_Exercise prompt_
Please copy out the full listing that follows exactly; no picture belongs in the copy.

_Information shown_
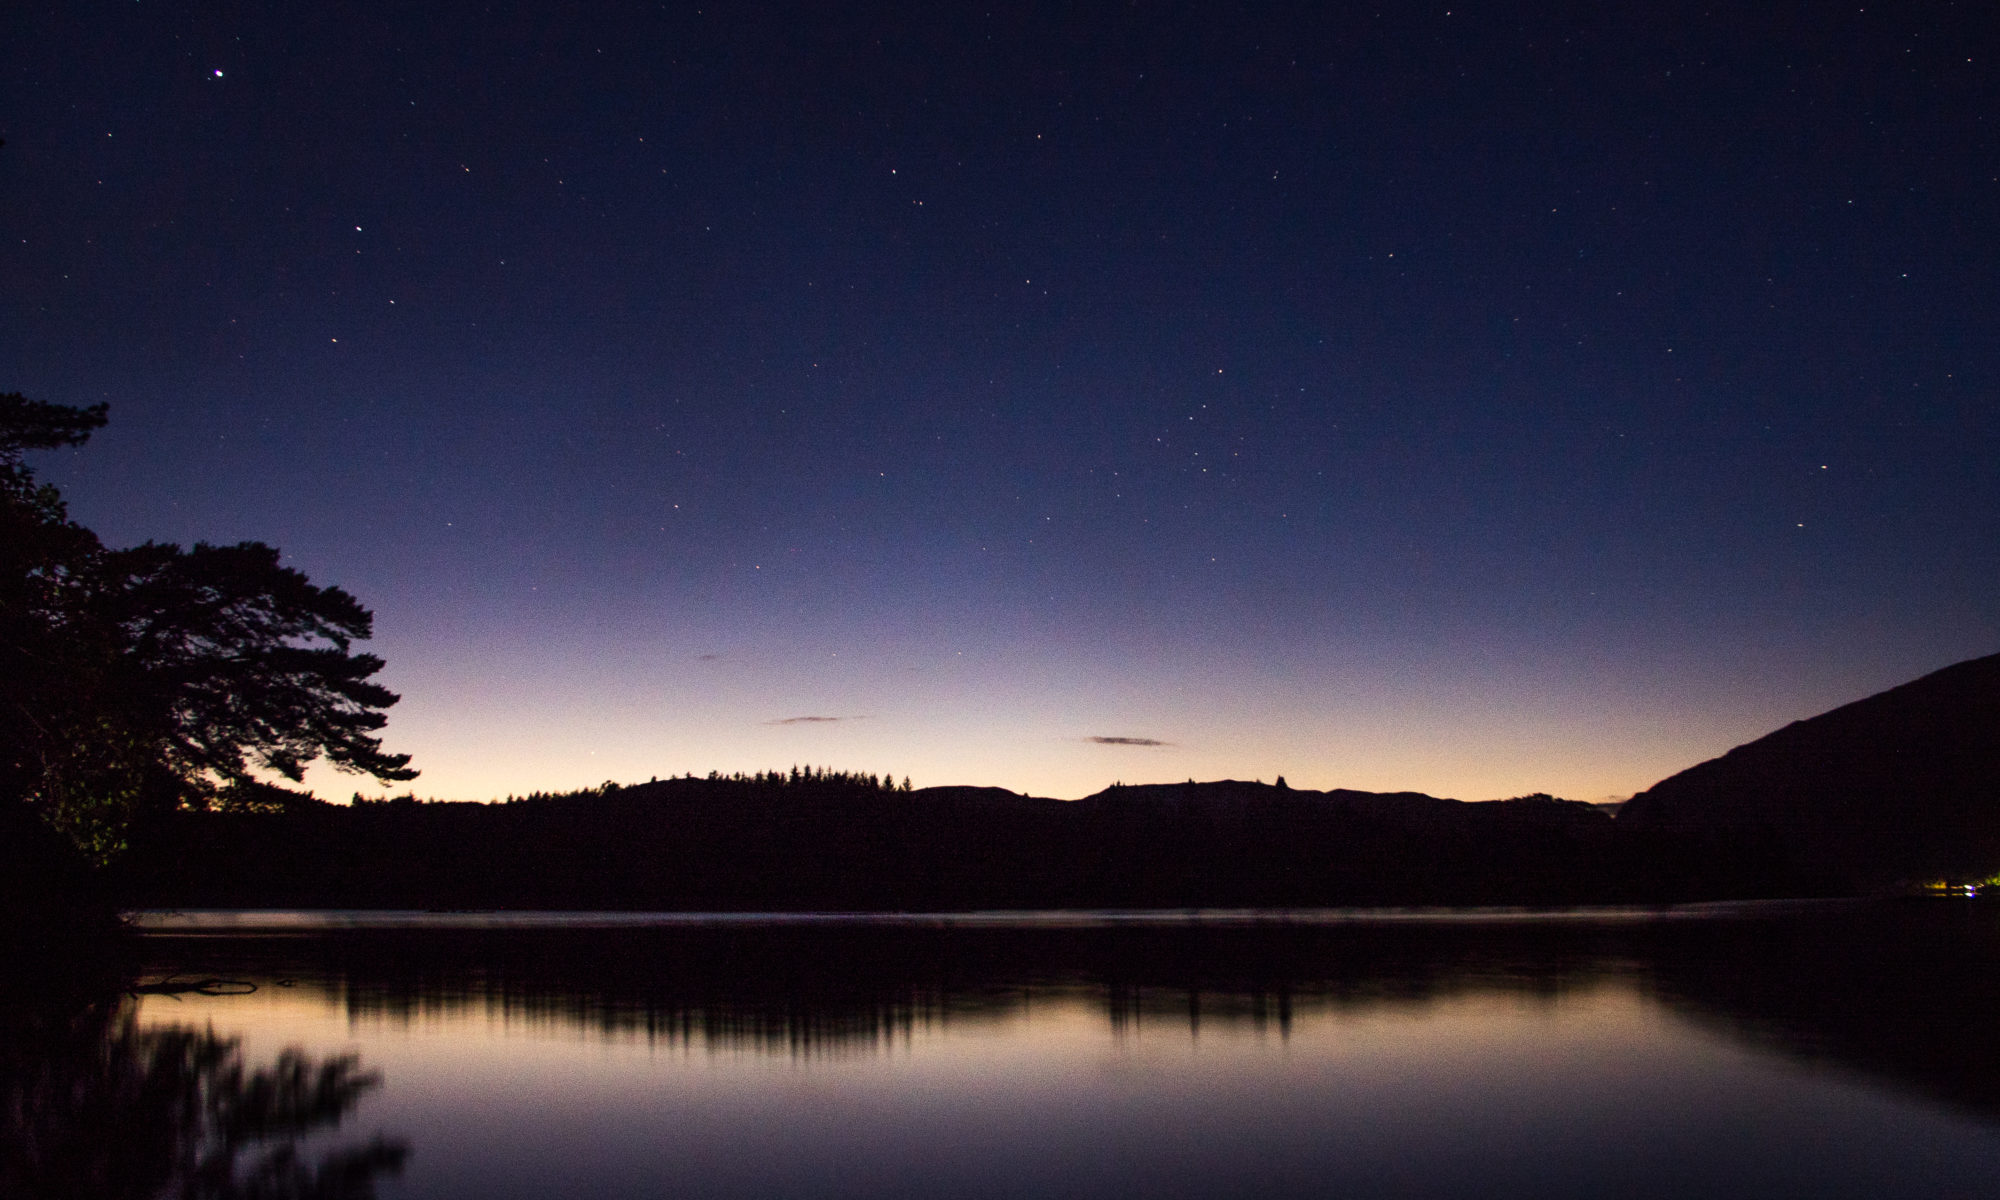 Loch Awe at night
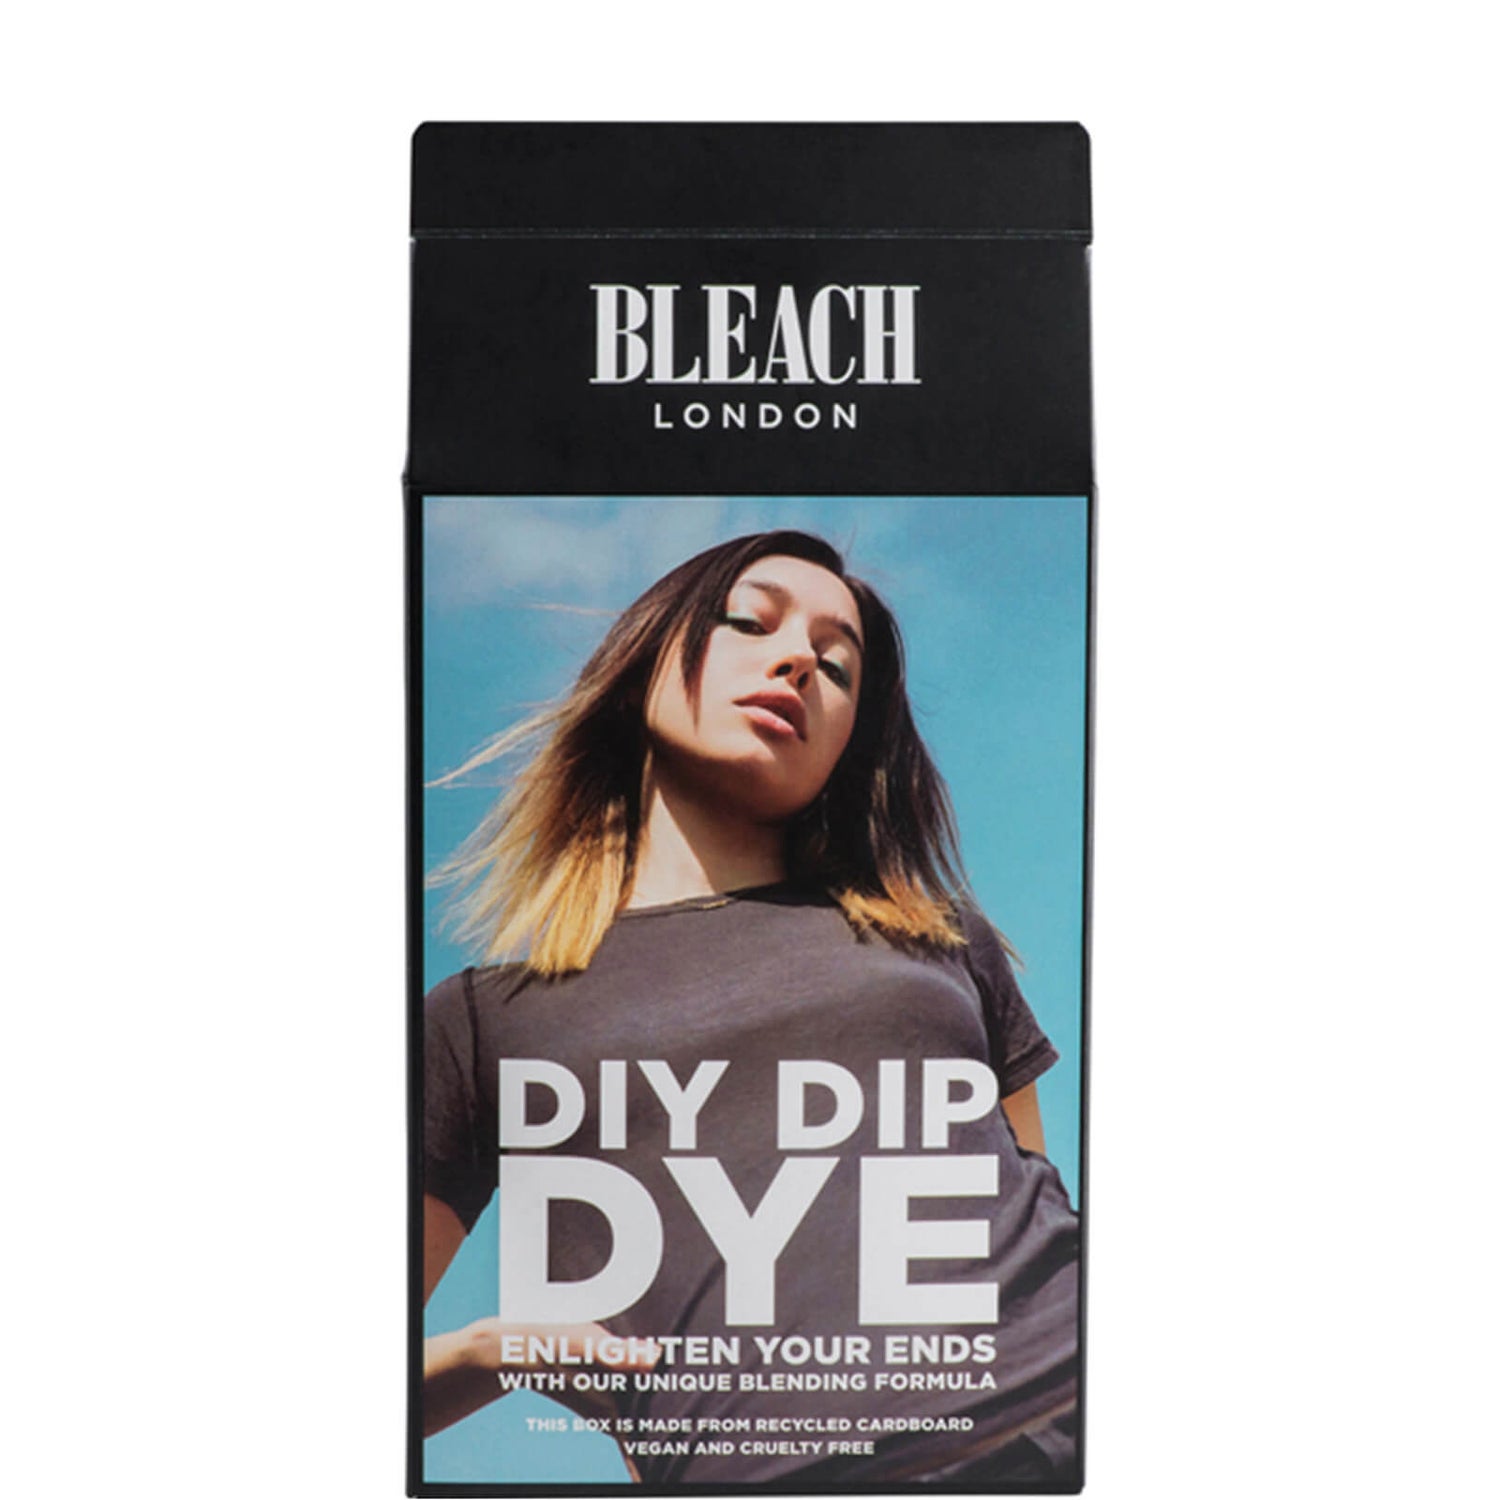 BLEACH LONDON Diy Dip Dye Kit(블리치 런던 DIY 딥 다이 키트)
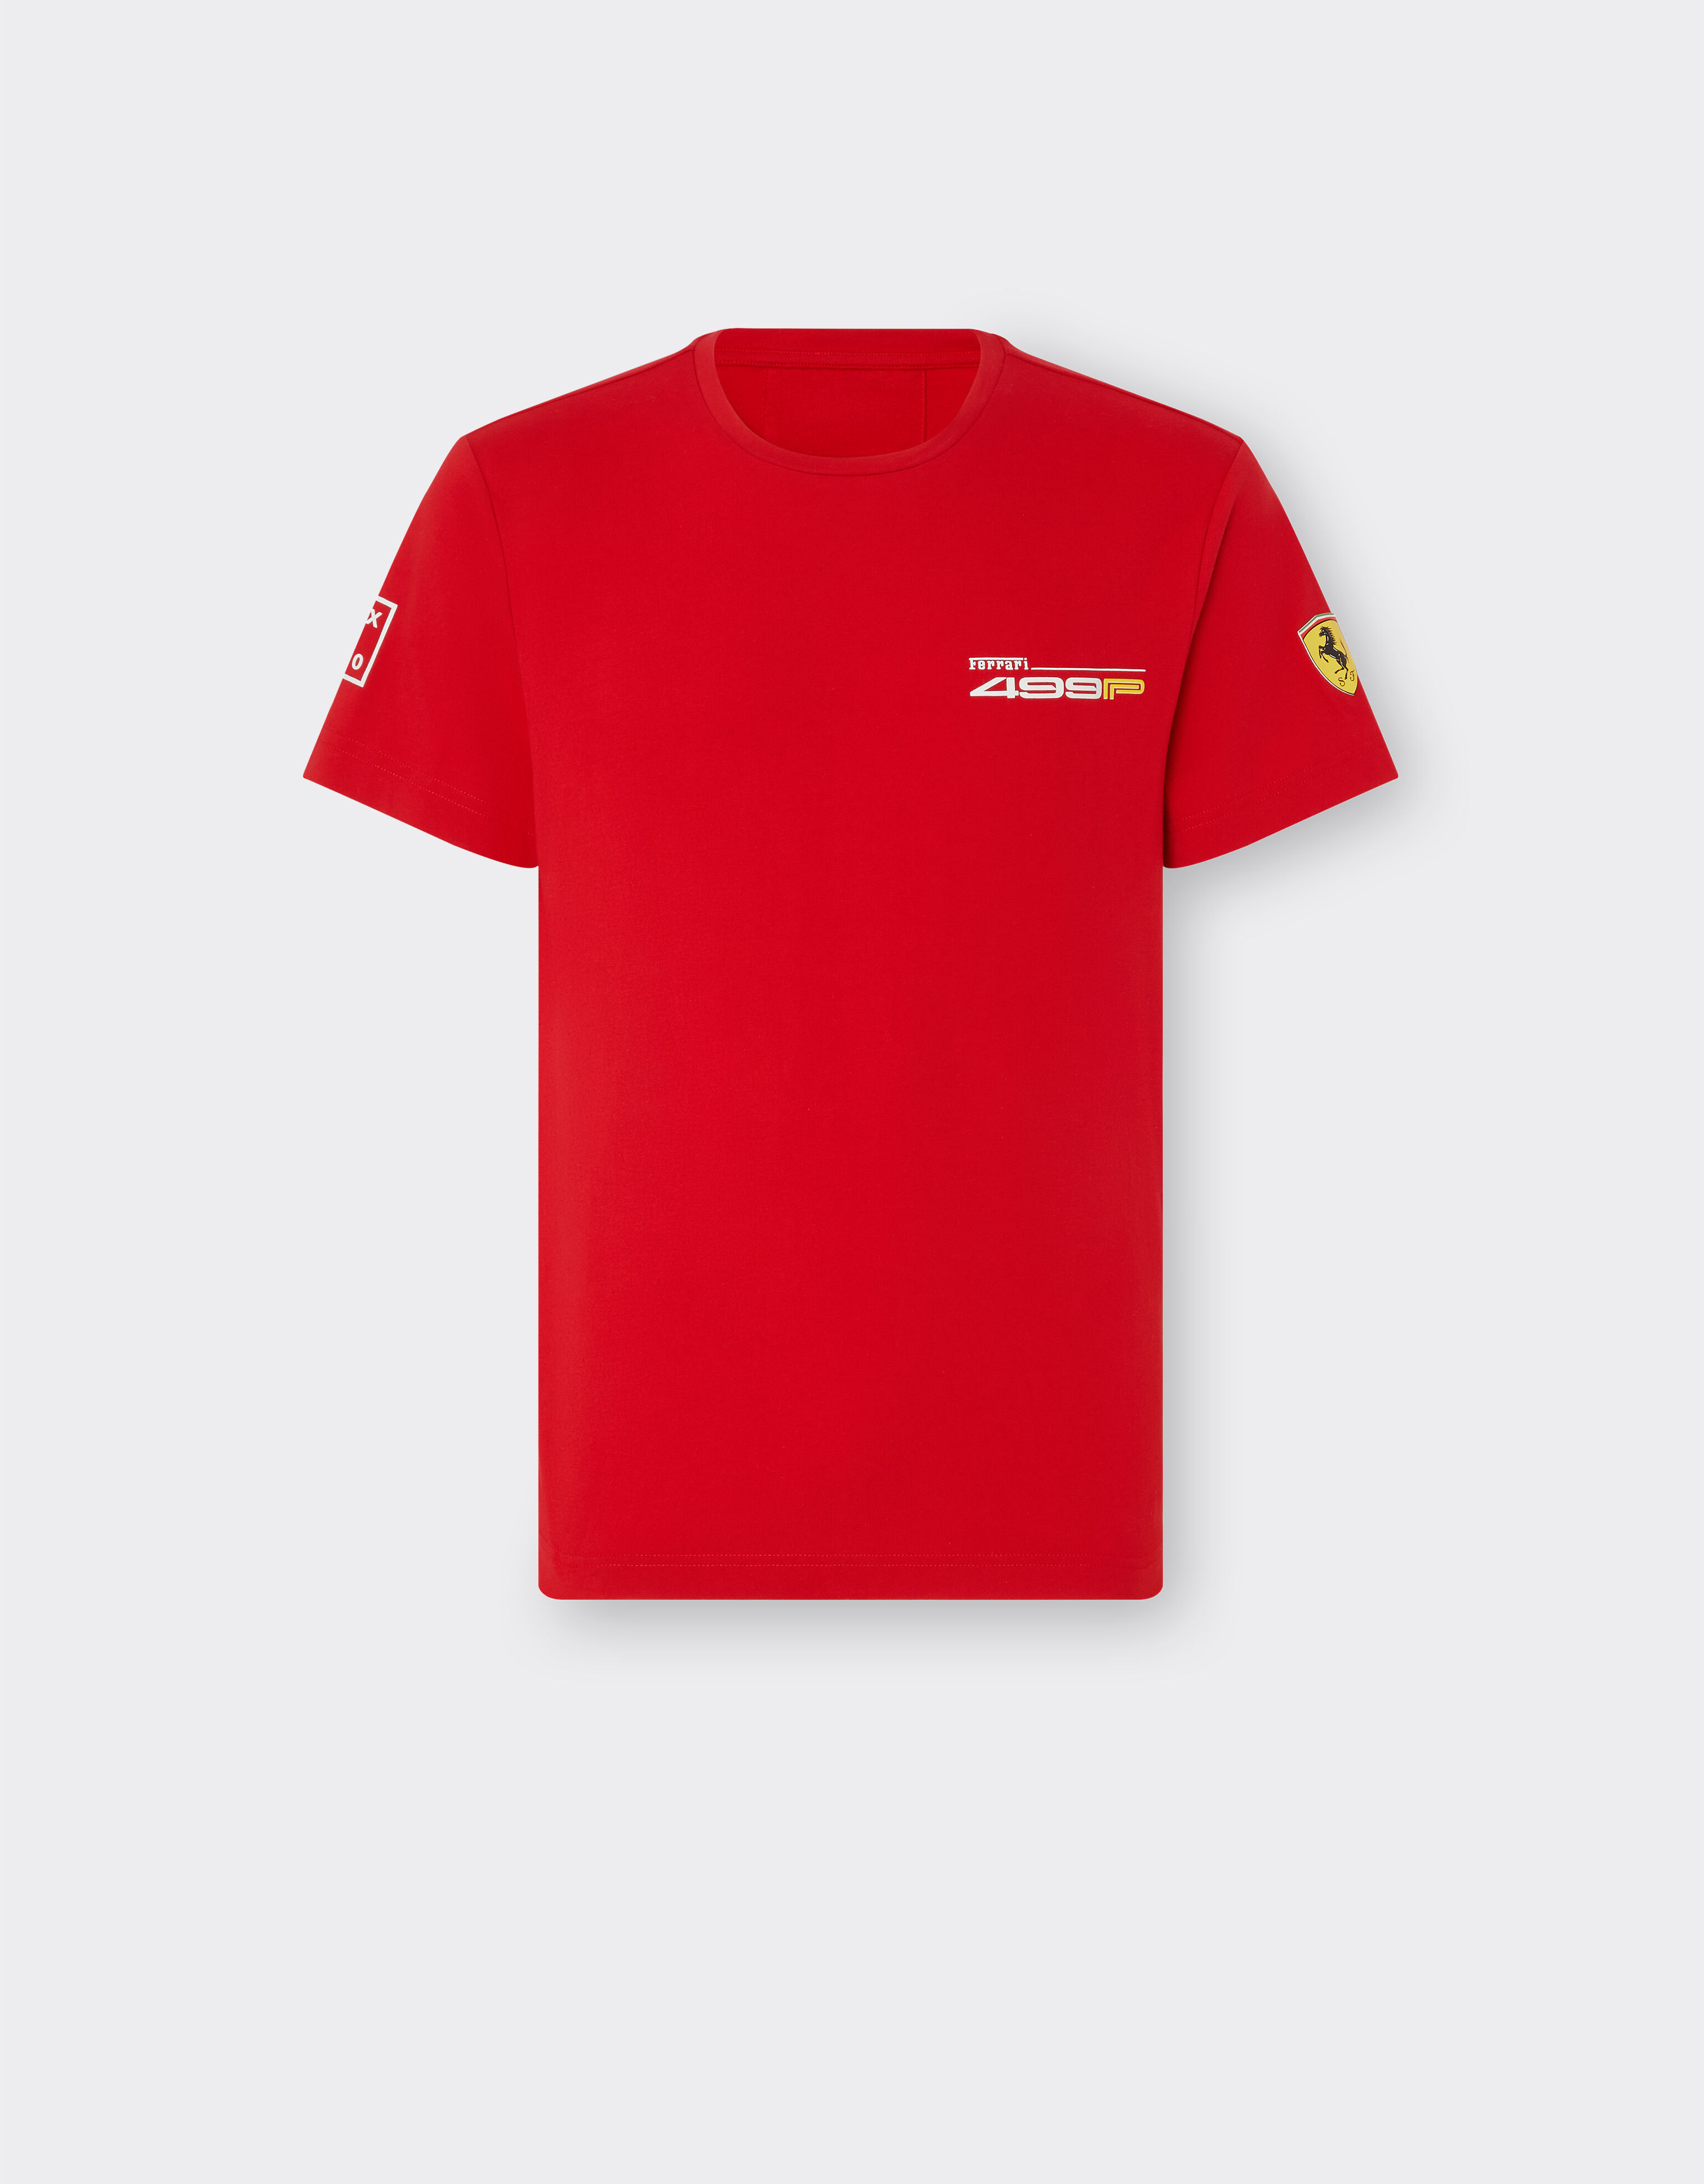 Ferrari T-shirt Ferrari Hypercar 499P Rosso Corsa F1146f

_Output of the task_
 Loch Awe at night
 BLEACH LONDON Diy Dip Dye Kit(블리치 런던 DIY 딥 다이 키트)
 Ferrari T-shirt Ferrari Hypercar 499P Rosso Corsa F1146f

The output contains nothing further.